Но у Алексея Феофилактовича, если принять во внимание его жуирские
склонности, на "разные духовные потребности" должно было уходить несколько
больше, чем на говядину, да и "предметов роскоши" он наверняка приобретал не
на 20, а хотя бы на 40 копеек. Так что из своего 12-15-рублевого жалованья
он непременно выбивался. Трудно сказать, сколько денег доставалось ему от
"матерей". В то время денежный оброк в Чухломском уезде достигал 35-40
рублей с тягла. Даже если посчитать доходы усадьбы от эксплуатации земли и
леса, то вряд ли годовой прибыток превышал 1000 рублей. Но, во всяком
случае, Алексей Феофилактович мог получать в месяц 20-25 рублей
вспомоществования. Достаточно для безбедного существования.
Большинство крупных русских писателей XIX века служили, иные дошли до
больших чинов, но, пожалуй, никто из них не обнаружил в такой степени, как
Писемский, знания быта присутствий, не проникся нравственными понятиями
служивого сословия.
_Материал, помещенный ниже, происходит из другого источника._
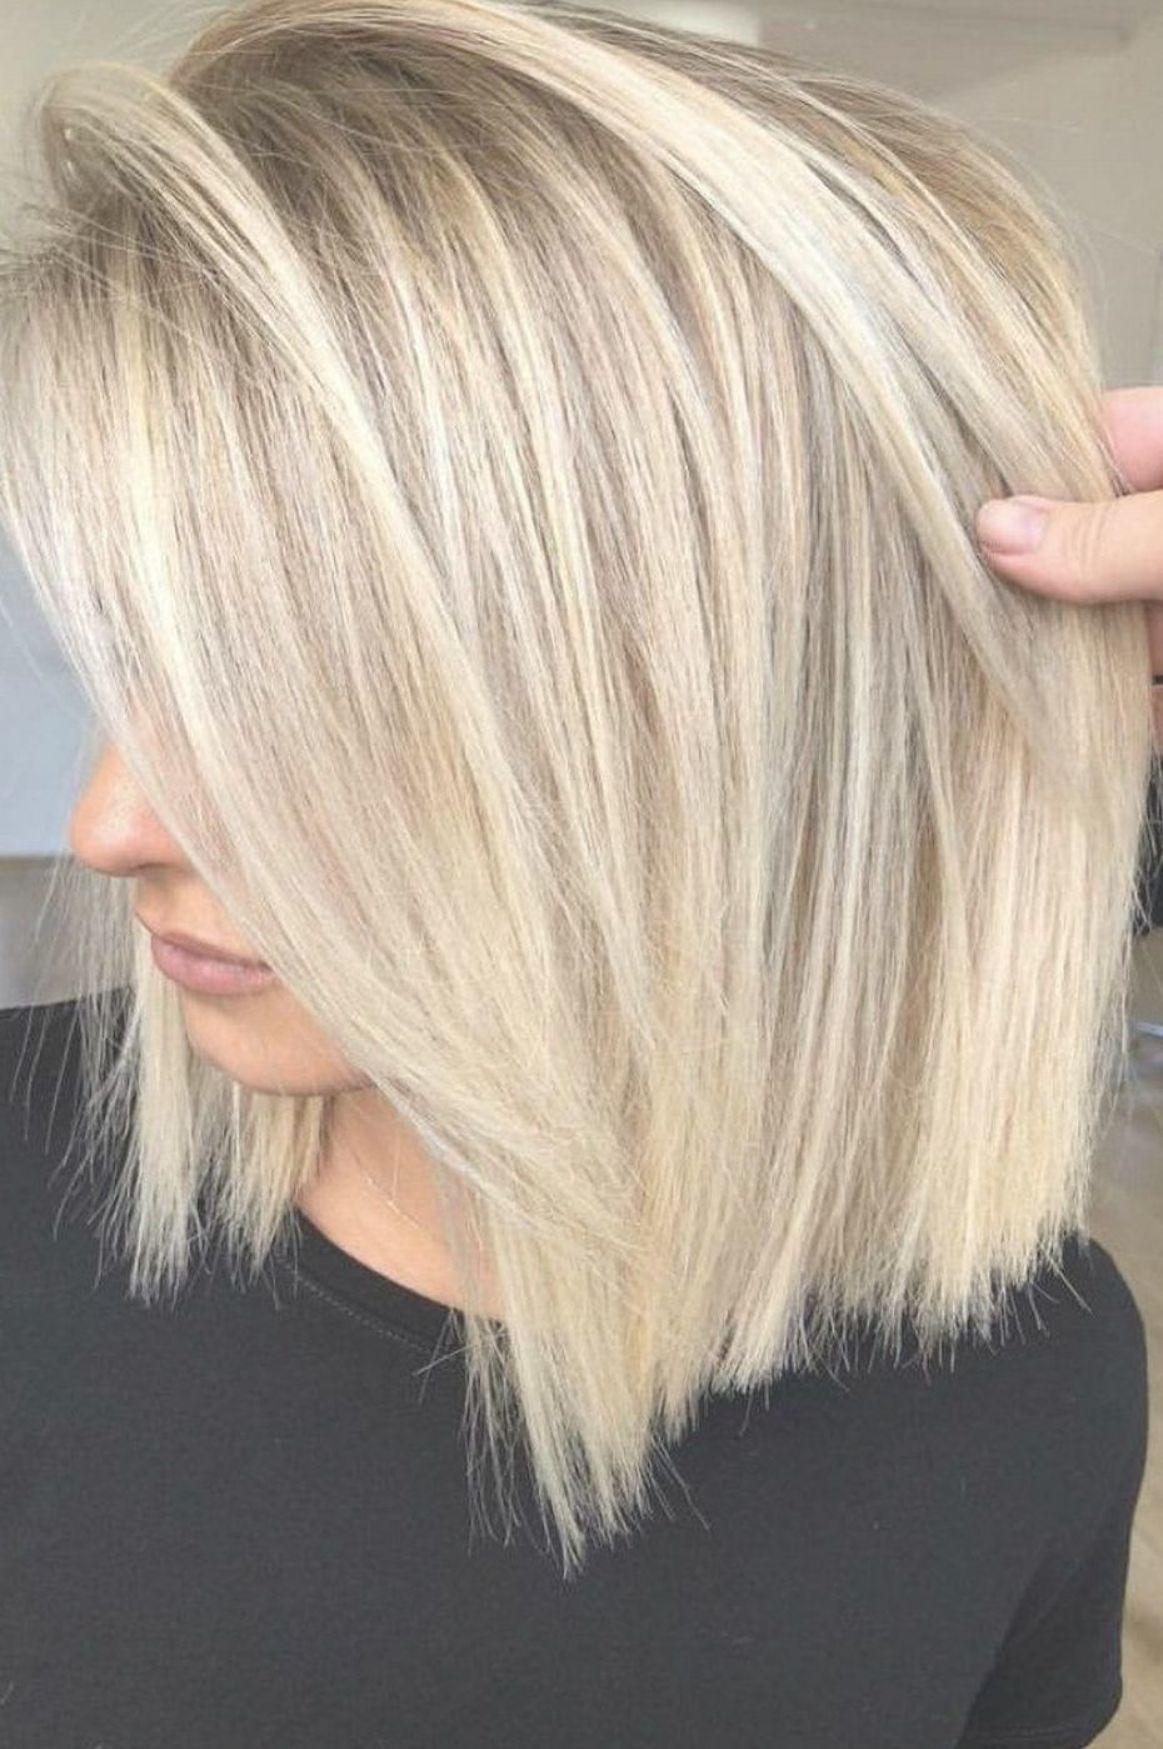 Pin By Sabrina On Hair In 2020 Hair Styles Straight Blonde Hair Hair Lengths

Он весьма обстоятельно передавал на страницах своих
произведений и политические взгляды крупных сановников, и циническую
опустошенность служилых неудачников, причем стремился не столько обличить,
сколько донести до читателя беспристрастную картину пережитого.
Почти в каждом романе и повести Писемского действуют люди, вынужденные
обстоятельствами идти на службу или избирающие этот жребий по своей воле.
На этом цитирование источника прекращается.